Threading Architecture
ONNX Runtime supports two threading implementations:
- ORT Thread Pool: Custom thread pool implementation (default)
- OpenMP: Industry-standard parallel programming framework (opt-in at build time)
The choice is determined at build time using the --use_openmp flag.
Thread Pool Types
Intra-Op Thread Pool
Parallelism within a single operator:
import onnxruntime as ort
session_options = ort.SessionOptions()
# Set intra-op threads (parallelism within ops)
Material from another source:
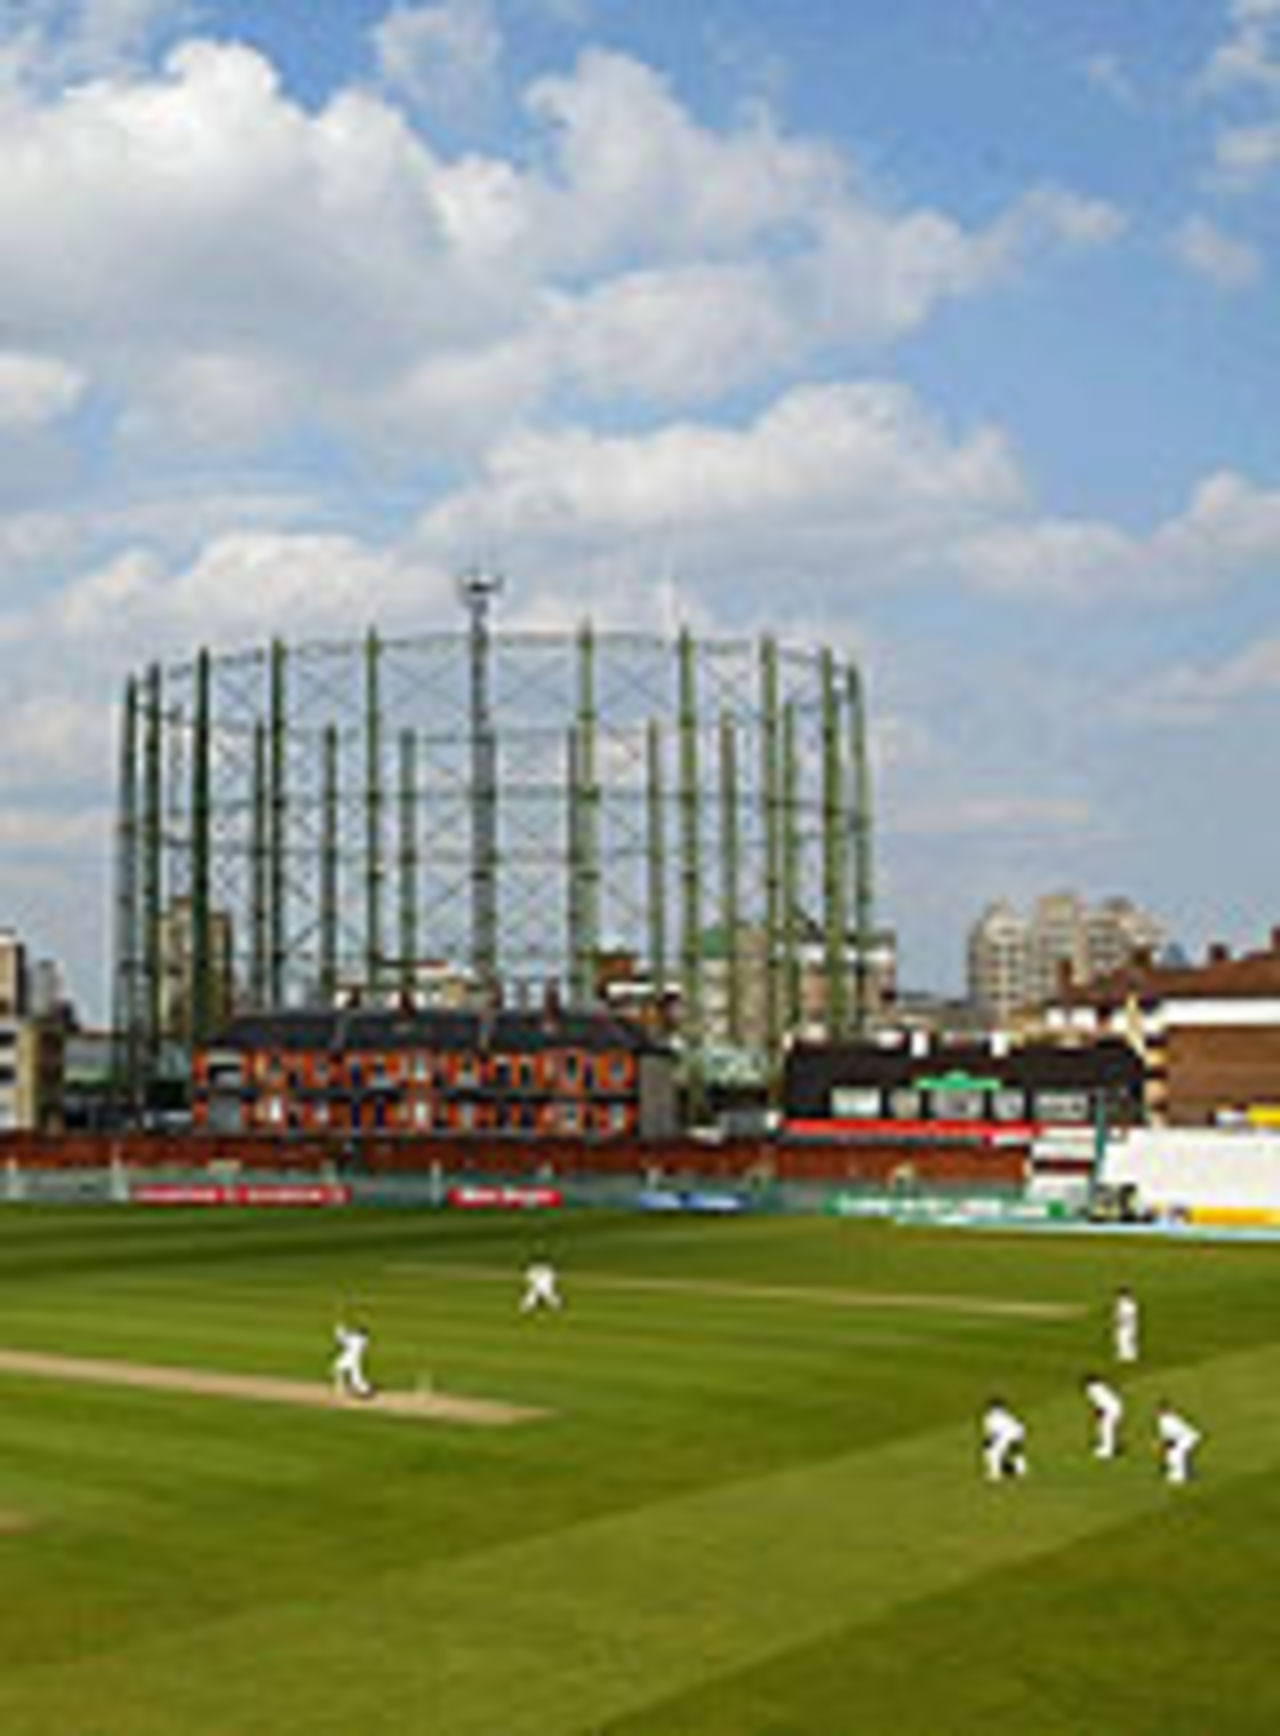 General view of The Oval

session_options.intra_op_num_threads = 4
session = ort.InferenceSession("model.onnx", session_options)
Use cases:
- Matrix multiplications
- Convolution operations
- Element-wise operations on large tensors
Inter-Op Thread Pool
Parallelism between independent operators:
# Set inter-op threads (parallelism between ops)
session_options.inter_op_num_threads = 2
Use cases:
- Models with parallel branches
- Independent operations in the graph
- Pipeline parallelism
Configuration Examples
CPU-Bound Workloads
import os
import onnxruntime as ort
# Get available CPU cores
num_cores = os.cpu_count()
session_options = ort.SessionOptions()
# Maximize intra-op parallelism
session_options.intra_op_num_threads = num_cores
# Minimize inter-op parallelism to reduce overhead
session_options.inter_op_num_threads = 1
# Use sequential execution for lower overhead
session_options.execution_mode = ort.ExecutionMode.ORT_SEQUENTIAL
session = ort.InferenceSession("model.onnx", session_options)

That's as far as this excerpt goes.